I am currently studying Deep Learning by Goodfellow, Bengio, and Courville. In chapter 5.2 Capacity, Overfitting and Underfitting, the authors say the following:
Typically, when training a machine learning model, we have access to a training set; we can compute some error measure on the training set, called the training error; and we reduce this training error. So far, what we have described is simply an optimization problem. What separates machine learning from optimization is that we want the generalization error, also called the test error, to be low as well. The generalization error is defined as the expected value of the error on a new input. Here the expectation is taken across different possible inputs, drawn from the distribution of inputs we expect the system to encounter in practice.
I found this part unclear:
Here the expectation is taken across different possible inputs, drawn from the distribution of inputs we expect the system to encounter in practice.
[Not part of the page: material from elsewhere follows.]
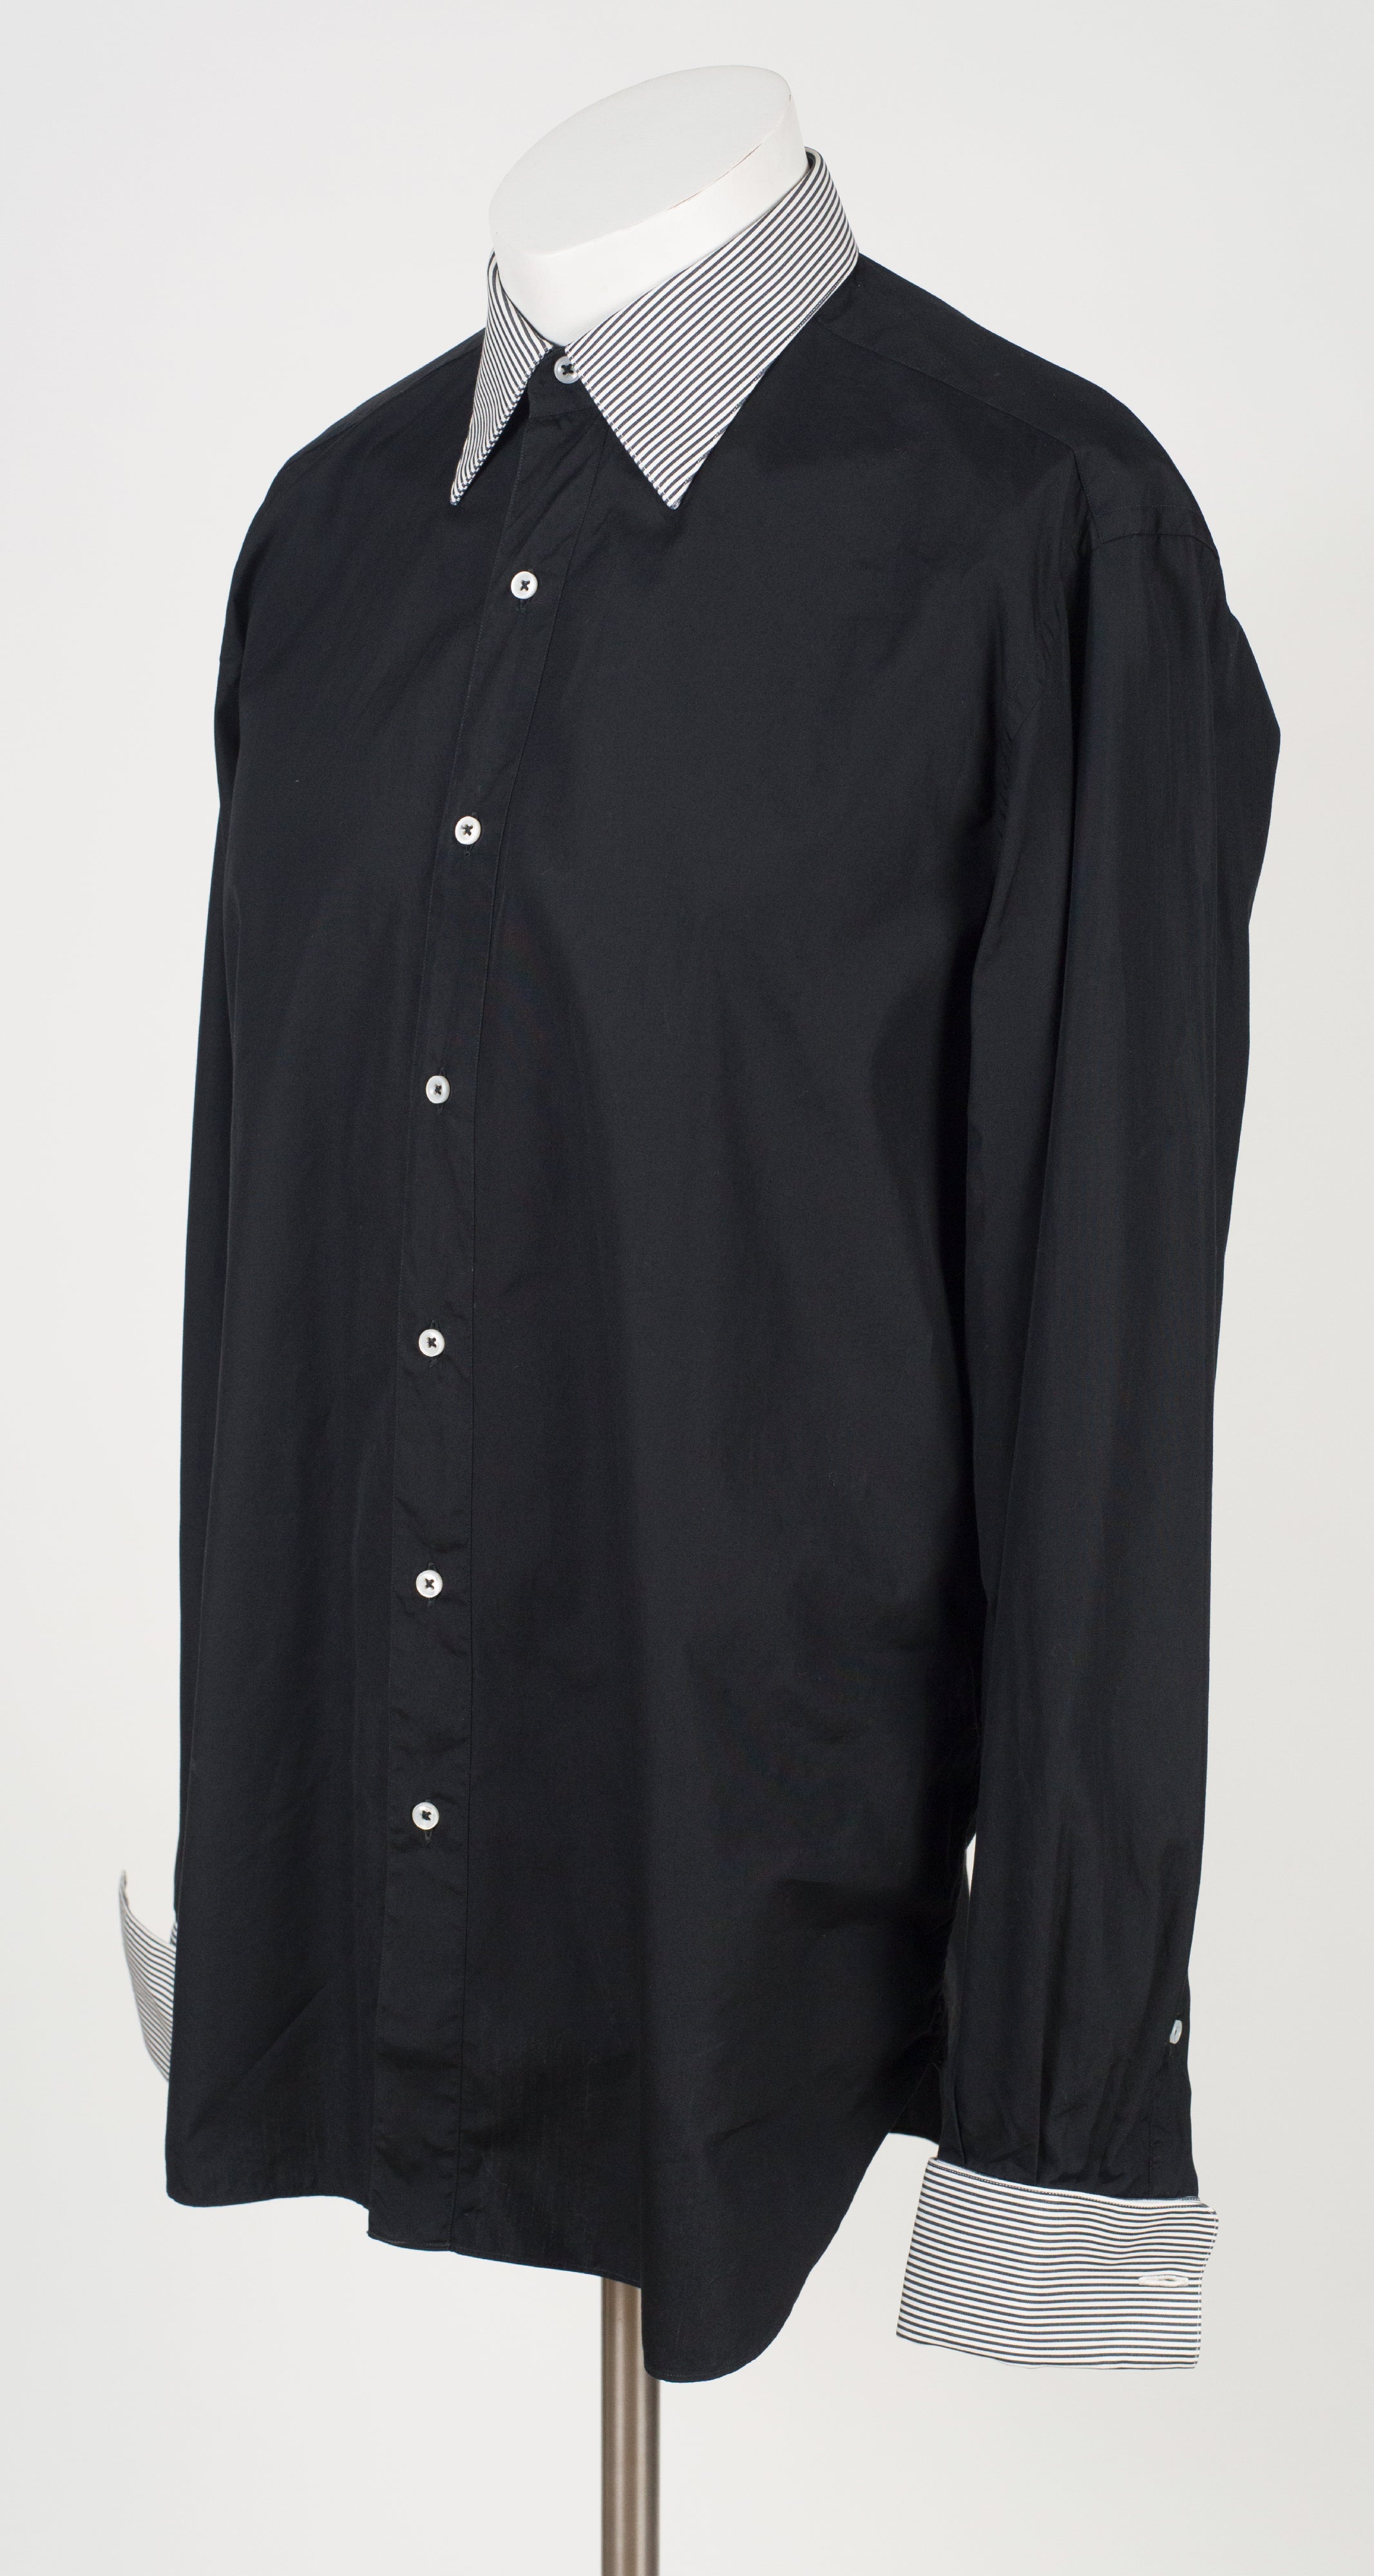 1990s Men's Striped Black & White Cotton French Cuff Dress Shirt
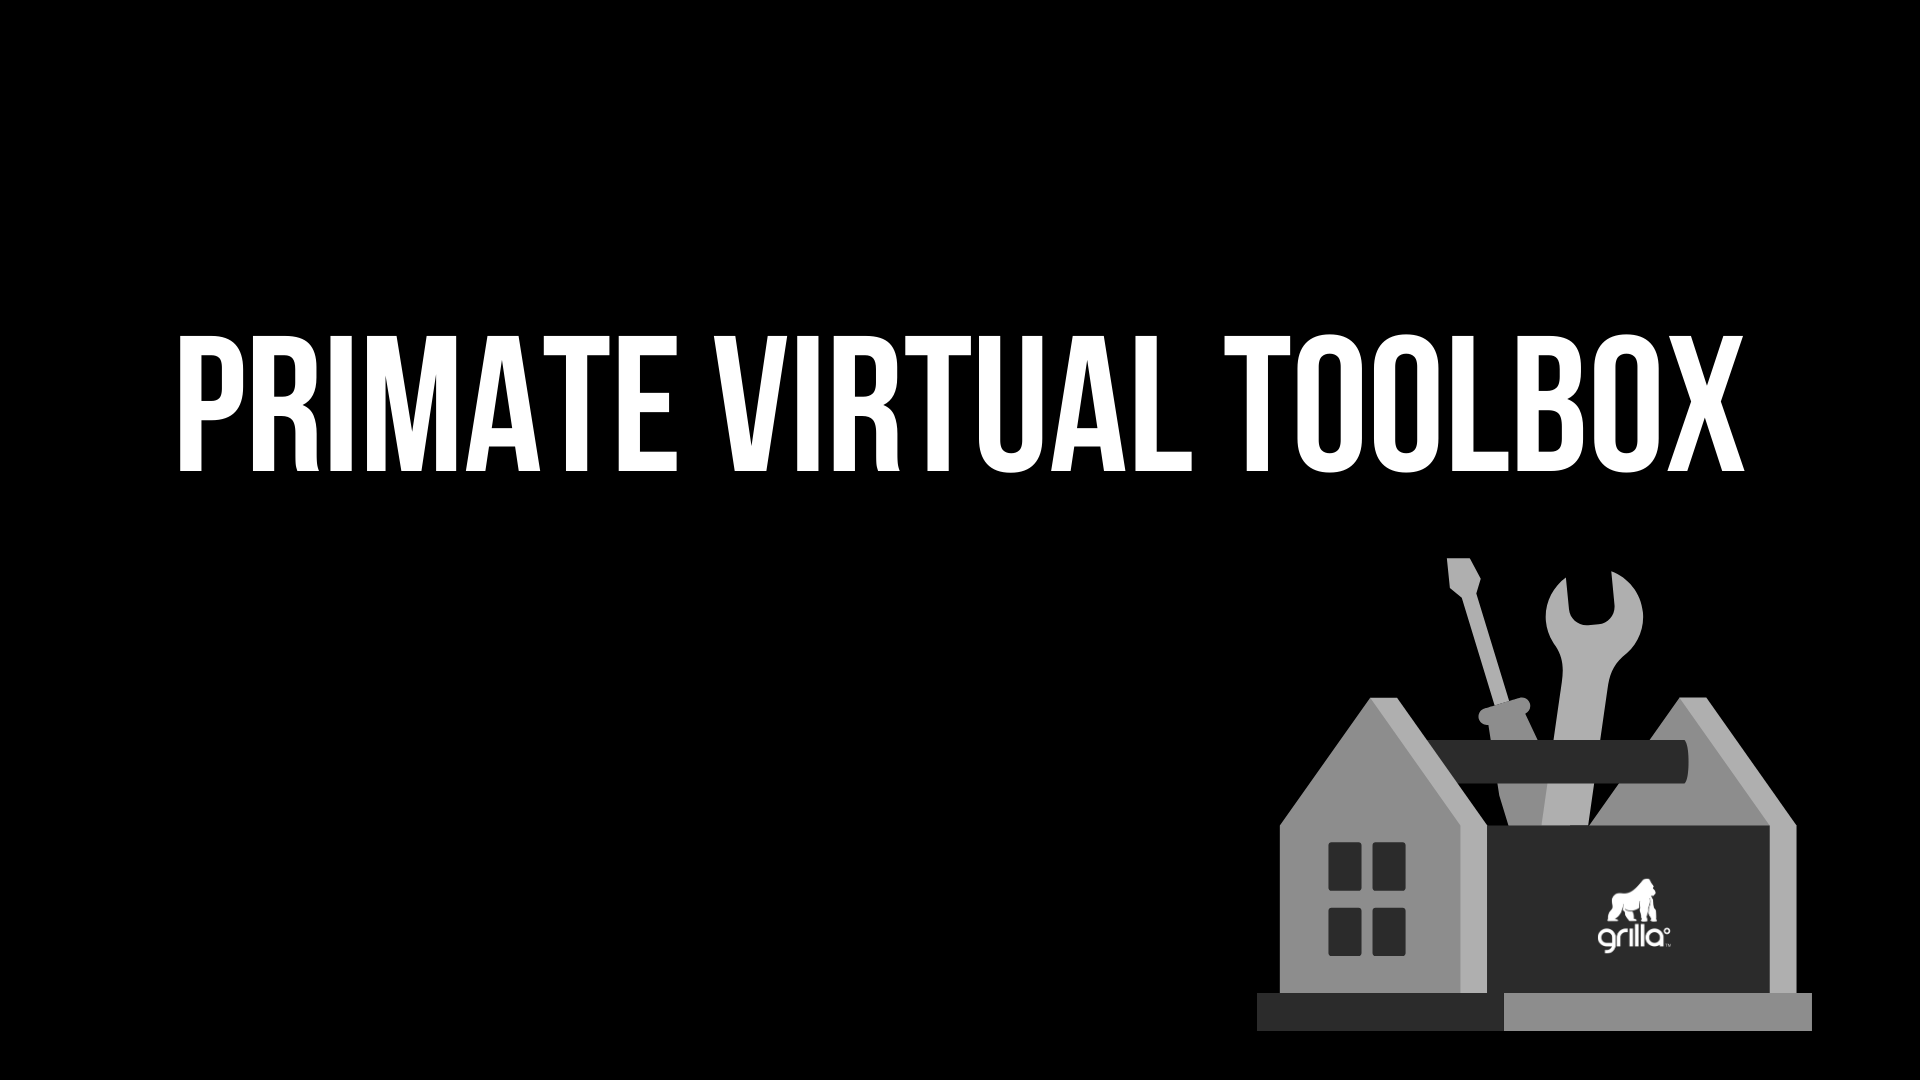 Primate virtual toolbox

The language used here is confusing me, because it is discussing a "distribution", as in a "probability distribution", but then refers to inputs, which are data gathered from outside of any probability distribution. Based on the limited information my studying of machine learning has taught me so far, my understanding is that the machine learning algorithm (or, rather, some machine learning algorithms) uses training data to implicitly construct some probability distribution, right? So is this what it is referring to here? Is the "distribution of inputs we expect the system to encounter in practice" the so called "test set"? I would greatly appreciate it if people would please take the time to clarify this.